Unfortunately you are asking more than 2x the blue book value of it, that's going to be a tough sell, even though it IS mint and has had a lot of work done...


----------



## jordanvw (Jan 8, 2001)

*Re: pics of my type44T w/ euros, A4 16's, etc (duandcc)*

yes, but its not your average 5kt.. ive put a ton of work and mods into it, and if someone wants a beater 5kt then im sure you can find one for under a grand. if someone wants a 5kt in excellent shape, then thats what i have for sale. its all relative. the car's value has already bottomed out, and "book value" doesnt mean anything for a 18 yr old car. "book values" are for new cars... 
i know what i have into the car, i know what i want for it, and if someone comes to me and says "look, i see here in this book, it says your car is only worth X" i will tell them to kindly go away


----------



## StormChaser (Jan 3, 2000)

*Re: pics of my type44T w/ euros, A4 16's, etc (jordanvw)*

Oh, I totally agree and it IS beautiful. I'm jsut warning you it may be a hard sell unless you find another Audi enthusiast.
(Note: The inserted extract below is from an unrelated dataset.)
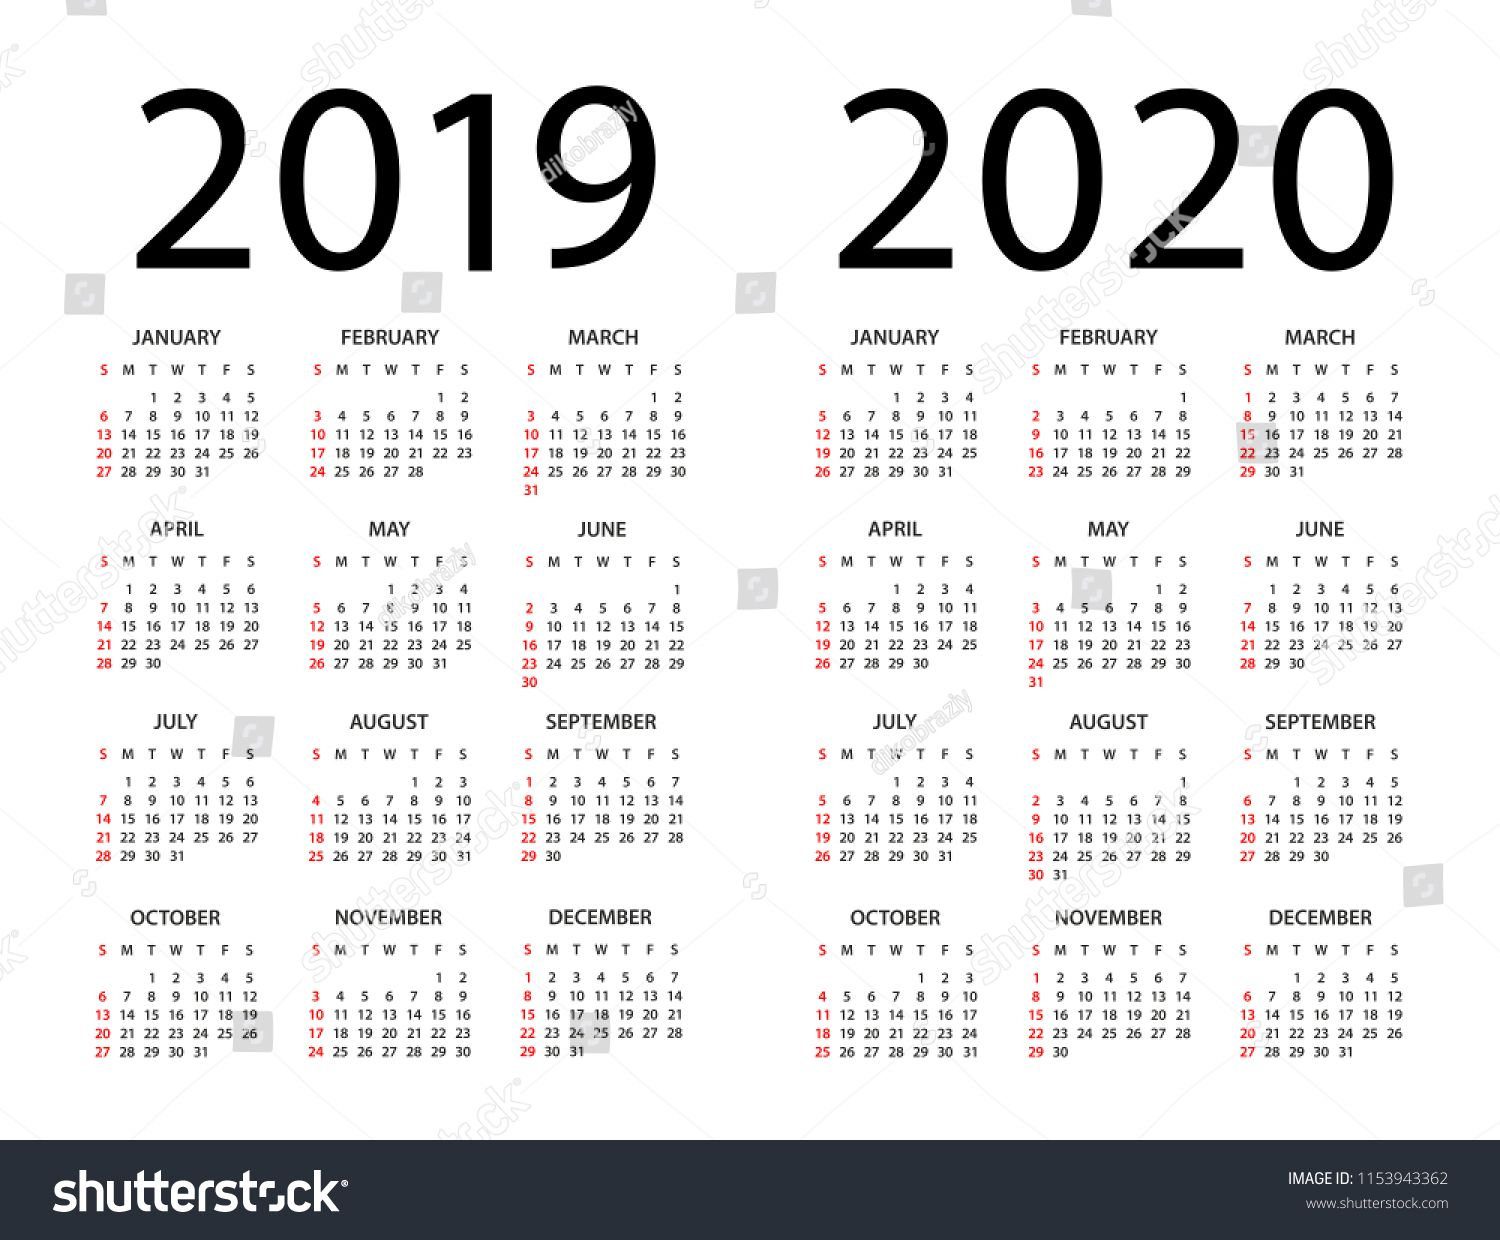 Calendar 2019 2020 Year - Vector Illustration. Week Starts

http://****************.com/smile/emthup.gif http://****************.com/smile/emthup.gif







FREE BUMP!


----------



## jordanvw (Jan 8, 2001)

*Re: pics of my type44T w/ euros, A4 16's, etc (duandcc)*

http://****************.com/smile/emthup.gif


----------



## andymatthew (Dec 22, 2001)

*Re: pics of my type44T w/ euros, A4 16's, etc (jordanvw)*

EVERYONE LIKES PIC
EVERYONE LIKES PICTURE


----------



## mug23 (Jul 23, 2003)

I'm interested in the euro-lights. Want to part it out?


----------



## jordanvw (Jan 8, 2001)

*Re: (mug23)*


_Quote, originally posted by *mug23* »_I'm interested in the euro-lights. Want to part it out?

ummmm... yea... i'll sell you the euros for $3900 and u can have the car (which runs awesome, i might add) for free


----------